OMEKASTE 20 mg GASTRO-RESISTANT HARD CAPSULES

2. What you need to know before taking Omekaste

Do not take Omekaste

• if you are allergic to omeprazole or any of the other ingredients of this medicine (listed in section 6).
• if you are allergic to medicines that contain proton pump inhibitors (e.g., pantoprazole, lansoprazole, rabeprazole, esomeprazole).
• if you are taking a medicine that contains nelfinavir (used for HIV infection).

Warnings and precautions

Consult your doctor or pharmacist before starting to take Omekaste.

Do not take Omekaste for more than 14 days without consulting your doctor. If you do not experience relief, or if your symptoms worsen, consult your doctor.

Omekaste may mask the symptoms of other diseases. Therefore, consult your doctor immediately if you experience any of the following conditions before starting to take Omekaste or during treatment:

• Unintentional weight loss and difficulty swallowing.
• Stomach pain or indigestion.
• Vomiting food or vomiting blood.
• Black stools (bloody stools).
• If you have severe or persistent diarrhea, as omeprazole has been associated with a slight increase in infectious diarrhea.
• You have a history of stomach ulcers or gastrointestinal surgery.
• You are receiving ongoing treatment for indigestion or heartburn for 4 weeks or more.
• You have persistent indigestion or heartburn for 4 weeks or more.
• You have jaundice or severe liver disease.
• You are over 55 years old and your symptoms have changed recently or are new.
• If you have ever had a skin reaction after treatment with a medicine similar to Omekaste to reduce stomach acidity.
• You are scheduled to have a specific blood test (Chromogranin A).

If you suffer from a skin rash, especially in areas of the skin exposed to the sun, consult your doctor as soon as possible, as it may be necessary to interrupt treatment with Omekaste. Remember to mention any other symptoms you may notice, such as joint pain.

Patient should not take omeprazole as a preventive medication.

When taking omeprazole, kidney inflammation may occur. The signs and symptoms may include decreased urine volume or blood in the urine and/or hypersensitivity reactions such as fever, skin rash, and joint stiffness. You should report such signs to your doctor.

Children and Adolescents

Children and adolescents under 18 years should not take this medicine.

Other Medicines and Omekaste

Tell your doctor or pharmacist if you are taking, have recently taken, or might take any other medicines. This includes medicines obtained without a prescription. This is because Omekaste may affect the mechanism of action of some medicines and some medicines may affect Omekaste.

Do not take Omekaste if you are taking a medicine that contains nelfinavir(used to treat HIV infection).

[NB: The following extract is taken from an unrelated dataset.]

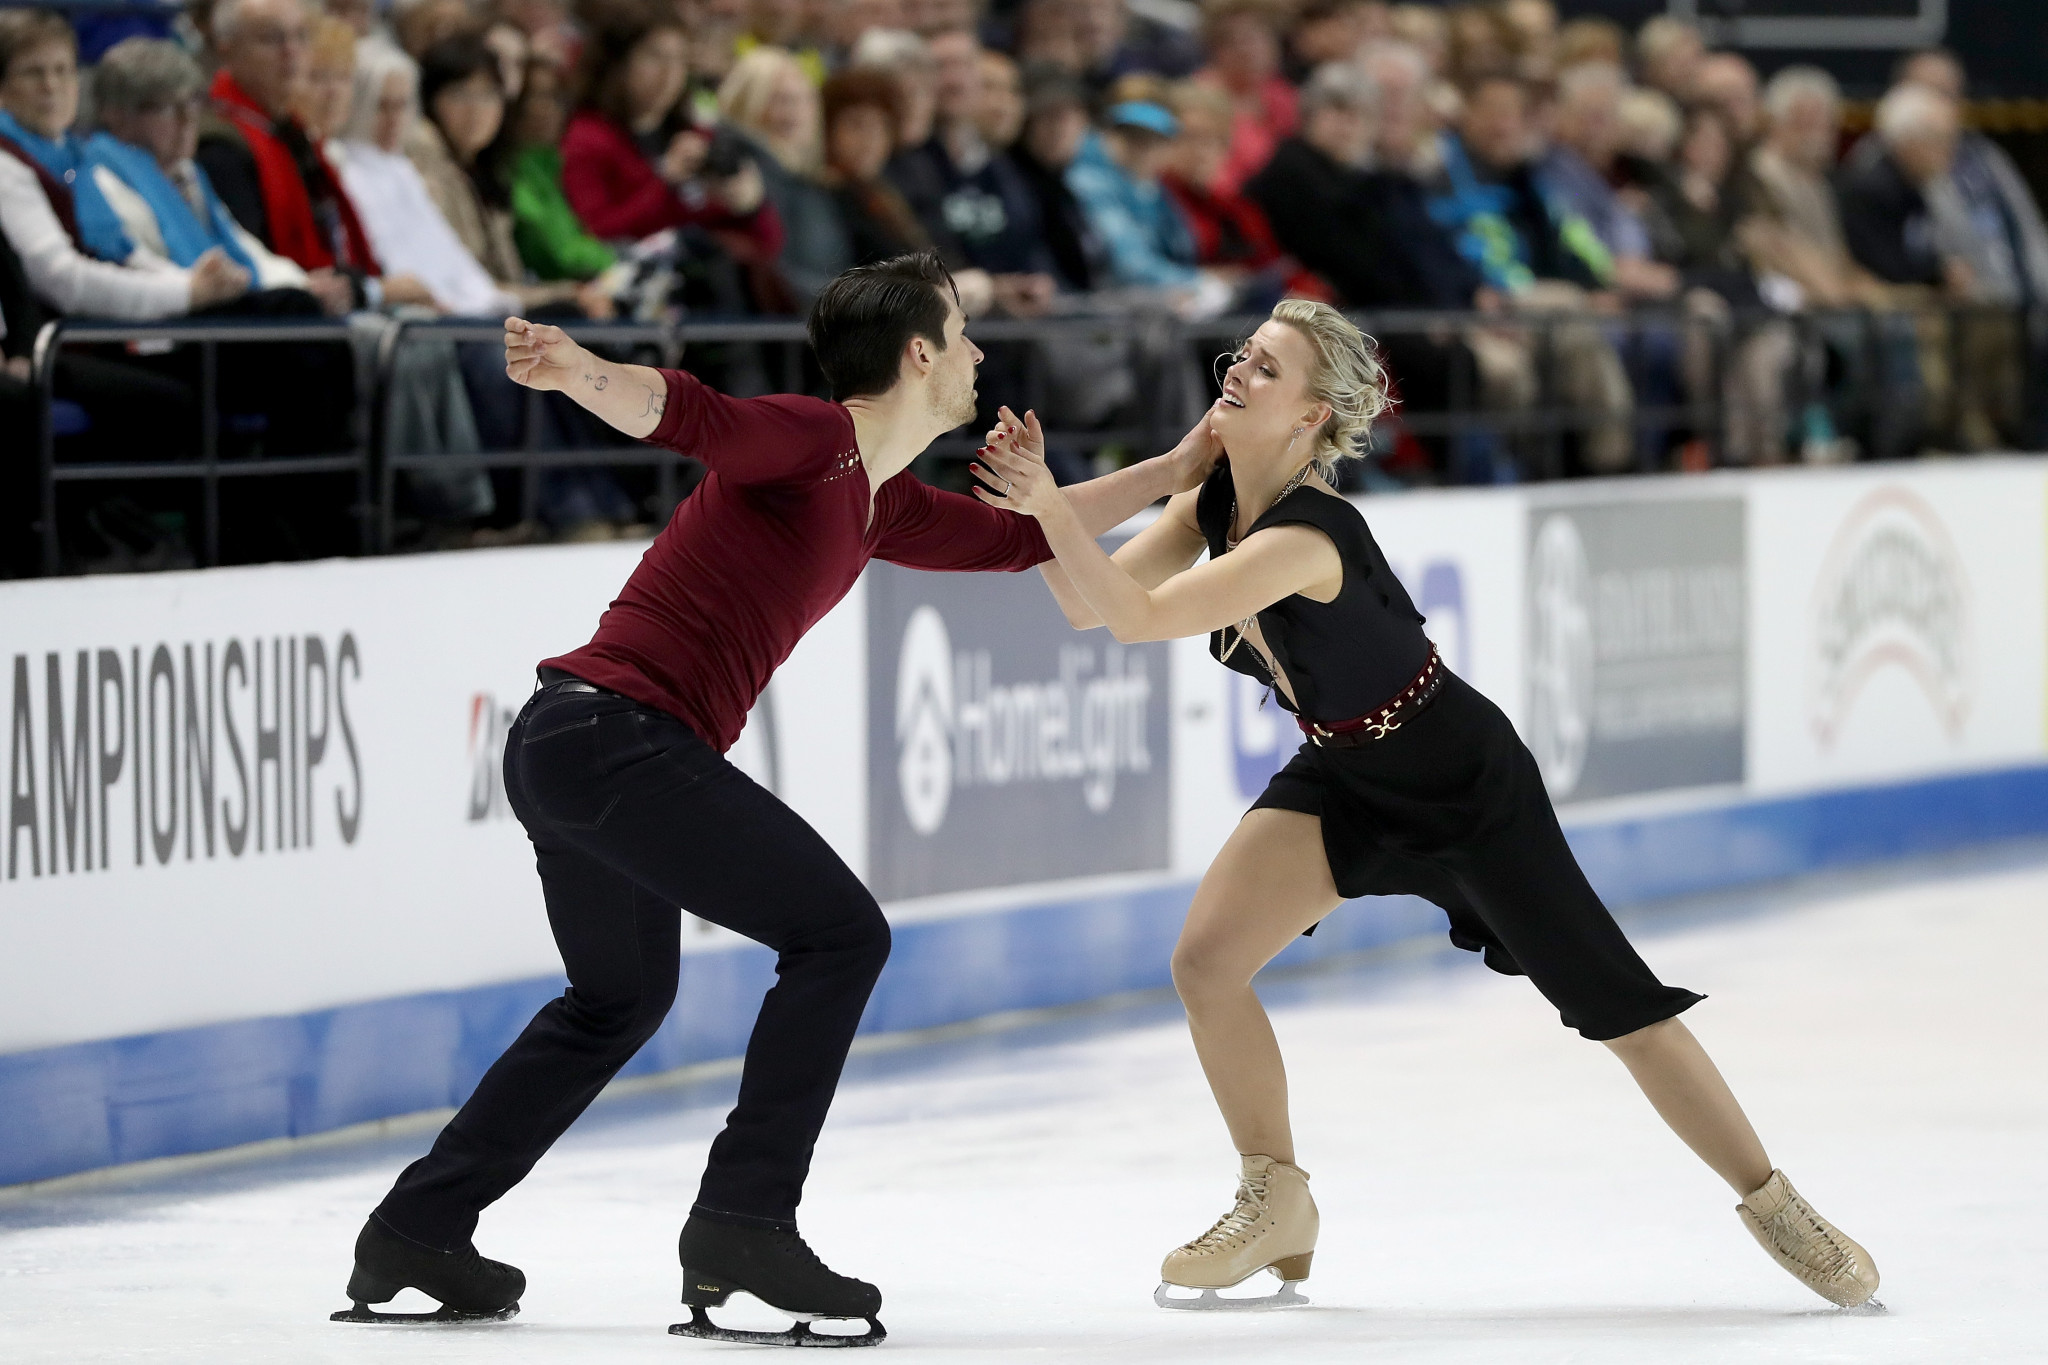 Zachary Donohue and Madison Hubbell are the clear favourites for the ice dance title at Skate America ©Getty Images

Tell your doctor or pharmacist if you are taking any of the following medicines:

• Ketoconazole, posaconazole, itraconazole, or voriconazole (used to treat fungal infections).
• Digoxin (used for heart problems).
• Diazepam (used to treat anxiety, relax muscles, or in epilepsy).
• Phenytoin (used in epilepsy). If you are taking phenytoin, your doctor will need to monitor you when you start or stop treatment with Omekaste.
• Medicines used to prevent blood clots, such as warfarin or other vitamin K antagonists. Your doctor will need to monitor you when you start or stop treatment with omeprazole.
• Rifampicin (used to treat tuberculosis).
• Atazanavir (used to treat HIV infection).
• Tacrolimus (in cases of organ transplantation).
• St. John's Wort (Hypericum perforatum) (used to treat mild depression).
• Cilostazol (used to treat intermittent claudication).
• Saquinavir (used to treat HIV infection).
• Clopidogrel (used to prevent blood clots).
• Erlotinib (used to treat cancer).
• Methotrexate (chemotherapy medicine used in high doses to treat cancer) - if you are taking a high dose of methotrexate, your doctor will need to temporarily stop treatment with Omekaste.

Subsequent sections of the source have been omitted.